The biggest difference between Q-learning and SARSA is that Q-learning is off-policy, and SARSA is on-policy.

The equations below shows the updated equation for Q-learning and SARSA:

Q-learning:

$Q(s_t,a_t)\leftarrow Q(s_t,a_t)+\alpha[r_{t+1}+\gamma \underset{a}{\max} Q(s_{t+1},a)-Q(s_t,a_t)]$

SARSA:

$Q(s_t,a_t)\leftarrow Q(s_t,a_t)+\alpha[r_{t+1}+\gamma Q(s_{t+1},a_{t+1})-Q(s_t,a_t)]$

They look mostly the same except that in Q-learning, we update our Q-function by assuming we are taking action $a$ that maximizes our post-state Q function $Q(s_{t+1},a).$

In SARSA, we use the same policy (i.e epsilon-greedy) that generated the previous action $a_t$ to generate the next action, $a_{t+1}$ which we run through our Q-function for updates, $Q(s_{t+1},a_{t+1}).$ (This is why the algorithm was termed SARSA, State-Action-Reward-State-Action).

Intuitively, SARSA is on-policy because we use the same policy to generate the current action $a_t$ and the next action $a_{t+1}.$ We then evaluate our policy’s action selection, and improve upon it by improving the Q-function estimates.

For Q-learning, we have no constraint on how the next action is selected, only that we have this “optimistic” view that all hence-forth action selections from every state should be optimal, thus we pick the action $a$ that maximizes $Q(s_{t+1},a).$ This means that with Q-learning we can give it data generated by any behaviour policy (expert, random, even bad policies) and it should learn the optimal Q-values given enough data samples.

Source Codes

All the code used is from Terry Stewart’s RL code repository, and can be found both there and in a minimalist version on my own github: SARSA vs Qlearn cliff. To run the code, simply execute the cliff_Q or the cliff_S files.

SARSA stands for State-Action-Reward-State-Action. In SARSA, the agent starts in state 1, performs action 1, and gets a reward (reward 1). Now, it’s in state 2 and performs another action (action 2) and gets the reward from this state (reward 2) before it goes back and updates the value of action 1 performed in state 1. In contrast, in Q-learning the agent starts in state 1, performs action 1 and gets a reward (reward 1), and then looks and sees what the maximum possible reward for an action is in state 2, and uses that to update the action value of performing action 1 in state 1. So the difference is in the way the future reward is found. In Q-learning it’s simply the highest possible action that can be taken from state 2, and in SARSA it’s the value of the actual action that was taken.

This means that SARSA takes into account the control policy by which the agent is moving, and incorporates that into its update of action values, where Q-learning simply assumes that an optimal policy is being followed. This difference can be a little difficult conceptually to tease out at first but with an example will hopefully become clear.

Mouse vs cliff

Let’s look at a simple scenario, a mouse is trying to get to a piece of cheese. Additionally, there is a cliff in the map that must be avoided, or the mouse falls, gets a negative reward, and has to start back at the beginning. The simulation looks something like exactly like this:

mouse vs
cliff

where the black is the edge of the map (walls), the red is the cliff area, the blue is the mouse and the green is the cheese. As mentioned and linked to above, the code for all of these examples can be found on my github (as a side note: when using the github code remember that you can press the page-up and page-down buttons to speed up and slow down the rate of simulation!)

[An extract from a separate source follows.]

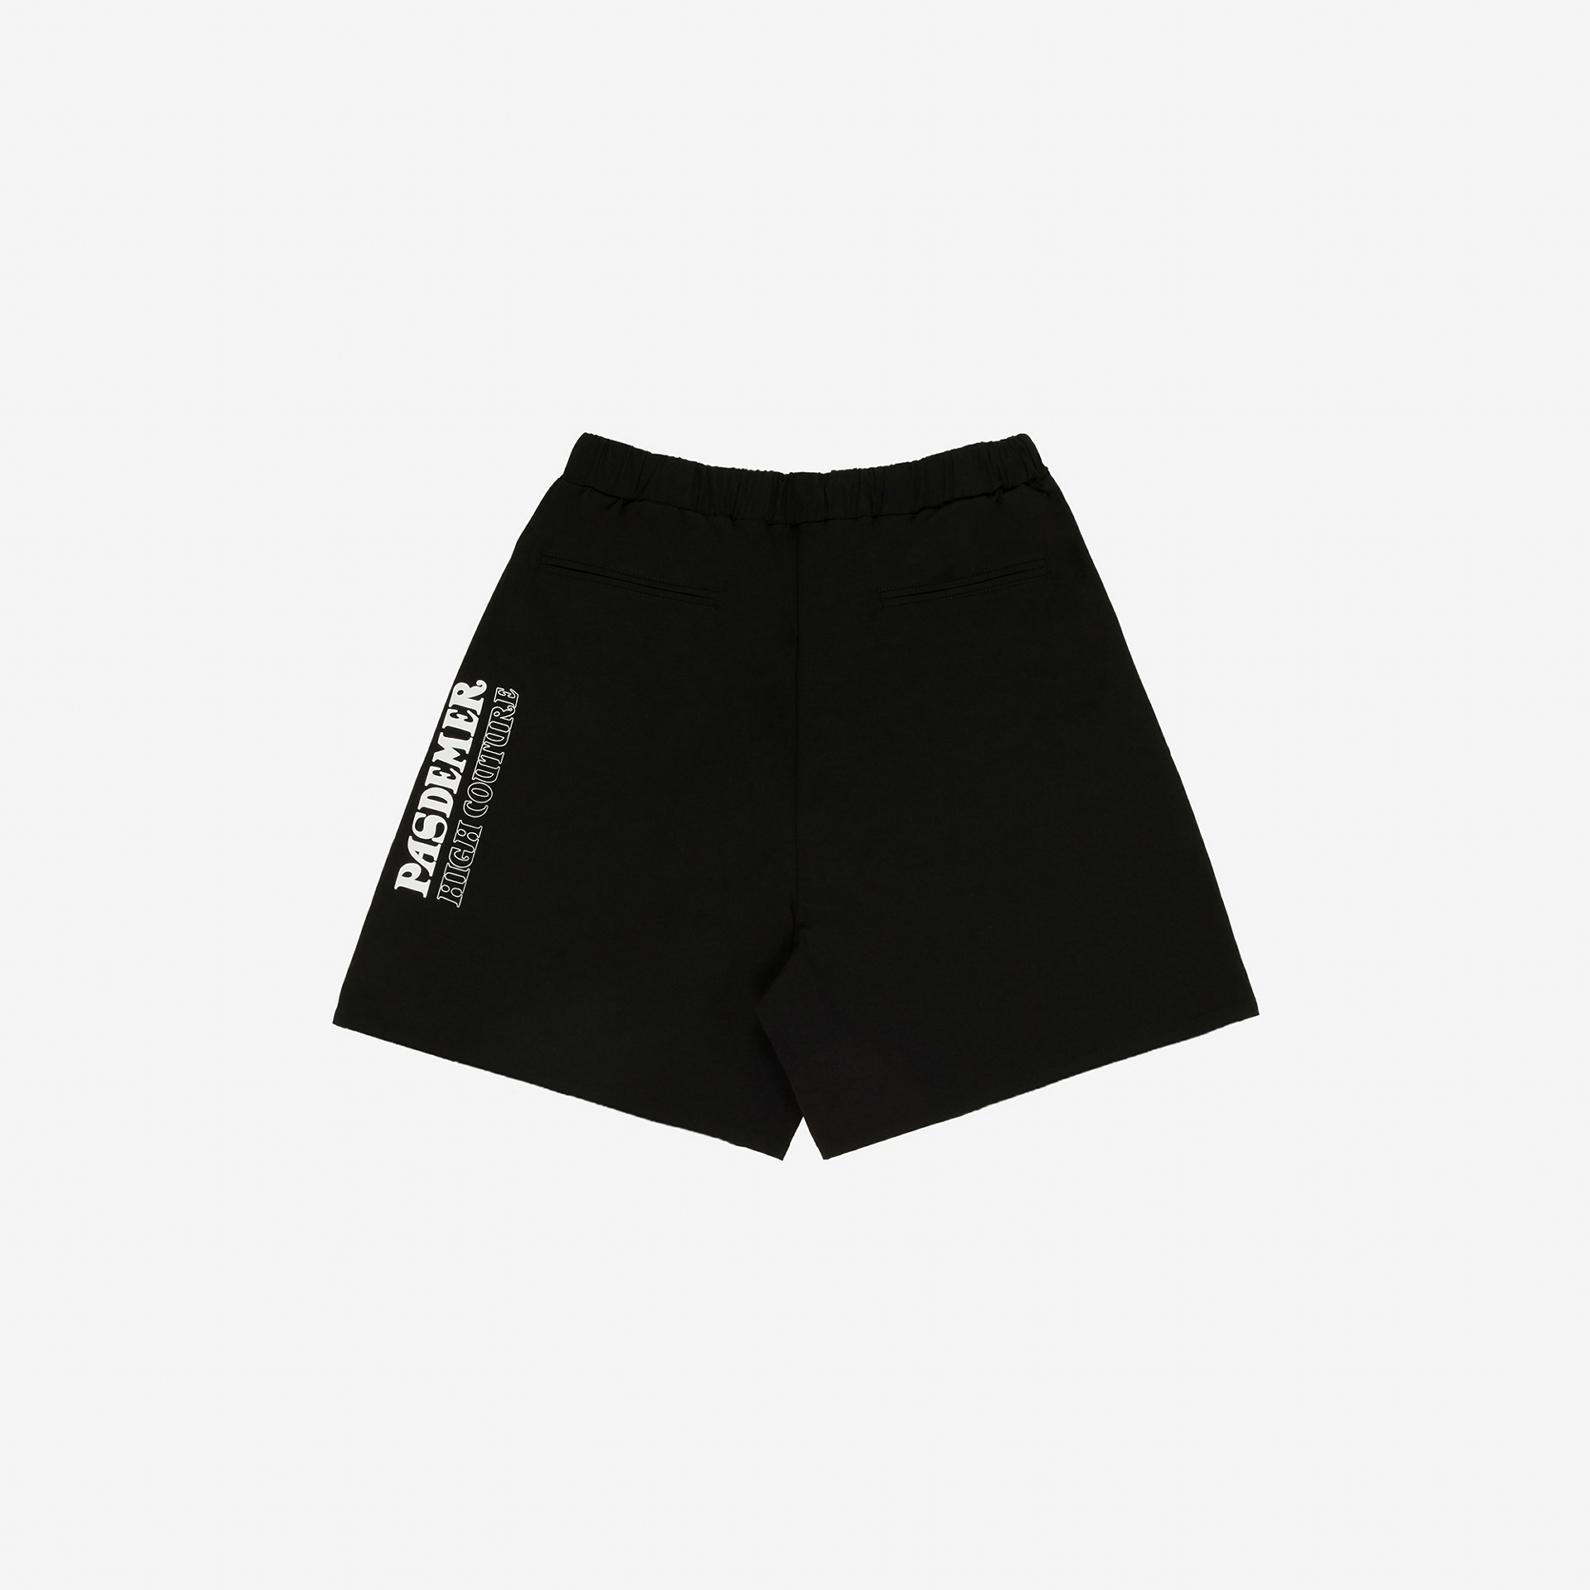 【PAS DE MER/パドゥメ】HIGH COUTURE SHORTS ショートパンツ / BLACK

Now, as we all remember, in the basic Q-learning control policy the action to take is chosen by having the highest action value. However, there is also a chance that some random action will be chosen; this is the built-in exploration mechanism of the agent. This means that even if we see this scenario:

mouse and
cliff

There is a chance that that mouse is going to say ‘yes I see the best move, but…the hell with it’ and jump over the edge! All in the name of exploration. This becomes a problem, because if the mouse was following an optimal control strategy, it would simply run right along the edge of the cliff all the way over to the cheese and grab it. Q-learning assumes that the mouse is following the optimal control strategy, so the action values will converge such that the best path is along the cliff. Here’s an animation of the result of running the Q-learning code for a long time:

The solution that the mouse ends up with is running along the edge of the cliff and occasionally jumping off and plummeting to its death.

However, if the agent’s actual control strategy is taken into account when learning, something very different happens. Here is the result of the mouse learning to find its way to the cheese using SARSA:

Why, that’s much better! The mouse has learned that from time to time it does really foolish things, so the best path is not to run along the edge of the cliff straight to the cheese but to get far away from the cliff and then work its way over safely. As you can see, even if a random action is chosen there is little chance of it resulting in death.

Learning action values with SARSA

So now we know how SARSA determines it’s updates to the action values. It’s a very minor difference between the SARSA and Q-learning implementations, but it causes a profound effect.

Here is the Q-learning learn method:

def learn(self, state1, action1, reward, state2):
    maxqnew = max([self.getQ(state2, a) for a in self.actions])
    self.learnQ(state1, action1,
                reward, reward + self.gamma*maxqnew)

And here is the SARSA learn method

def learn(self, state1, action1, reward, state2, action2):
    qnext = self.getQ(state2, action2)
    self.learnQ(state1, action1,
                reward, reward + self.gamma * qnext)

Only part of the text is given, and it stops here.